When workers’ comp alone isn’t enough
Serious or permanent injuries sometimes need multiple sources of benefits:
- SSDI (Social Security Disability Insurance) if the injury prevents you from working for at least a year.
- Short-term and long-term disability insurance through your employer.
- VA disability if the injury connects to prior military service.
- State temporary disability in CA, NY, NJ, RI, HI (separate from workers’ comp and covers non-work injuries).

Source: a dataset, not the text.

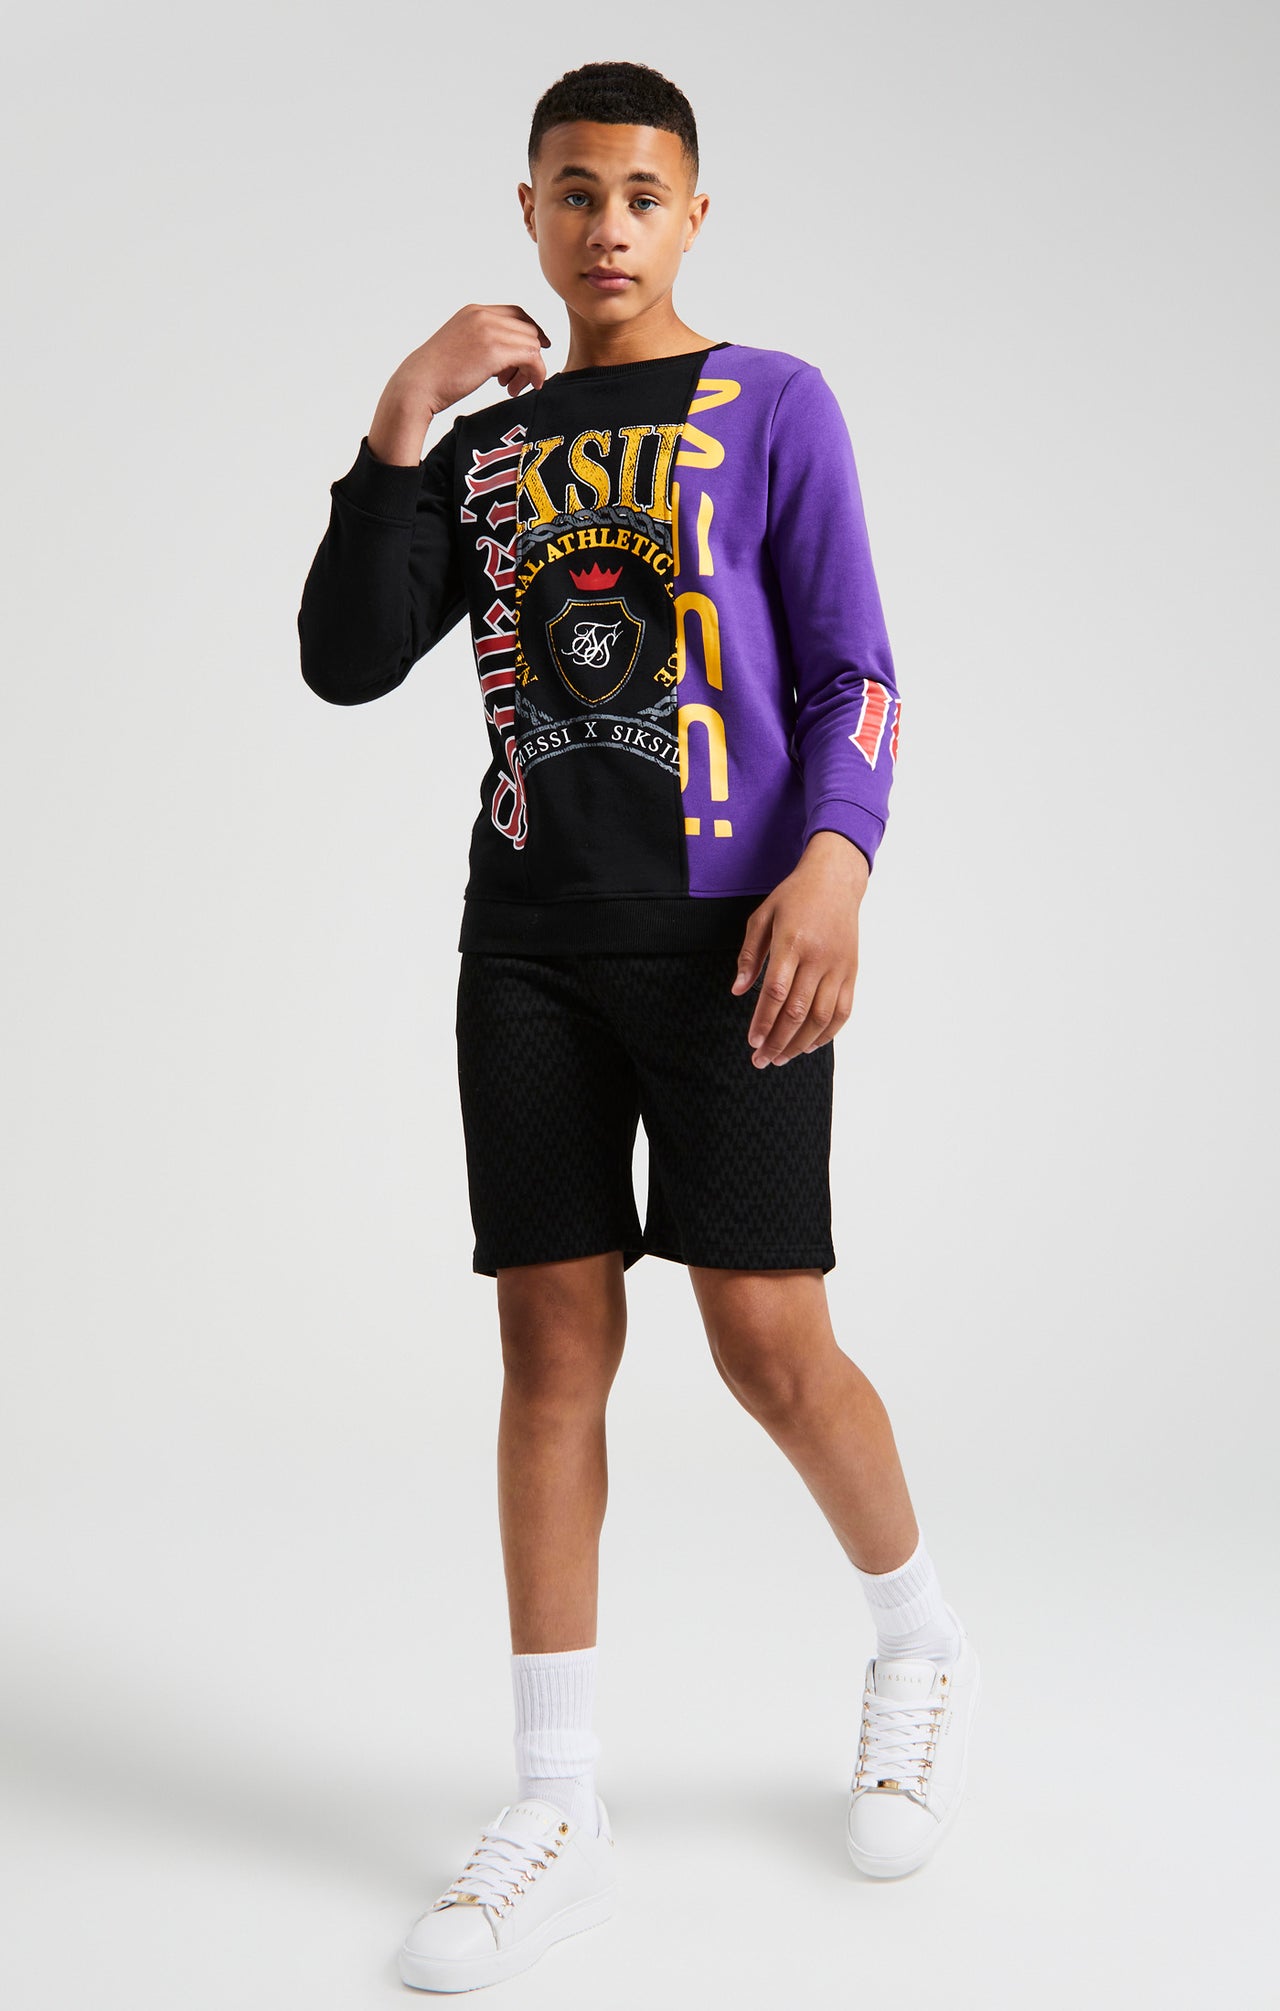 Messi x SikSilk Retro Varsity Crew Sweater - Black & Purple (4)

Workers’ comp and SSDI can overlap with an “offset” that reduces SSDI when both pay out. Still worth claiming both. The combined benefit is usually higher than either alone.
The framing
Workers’ comp isn’t a lawsuit. It’s insurance. You don’t have to prove your employer did anything wrong. You have to prove the injury happened at work and treat it seriously from day one. The state system is slow and sometimes frustrating. It works if you document everything and hit your deadlines.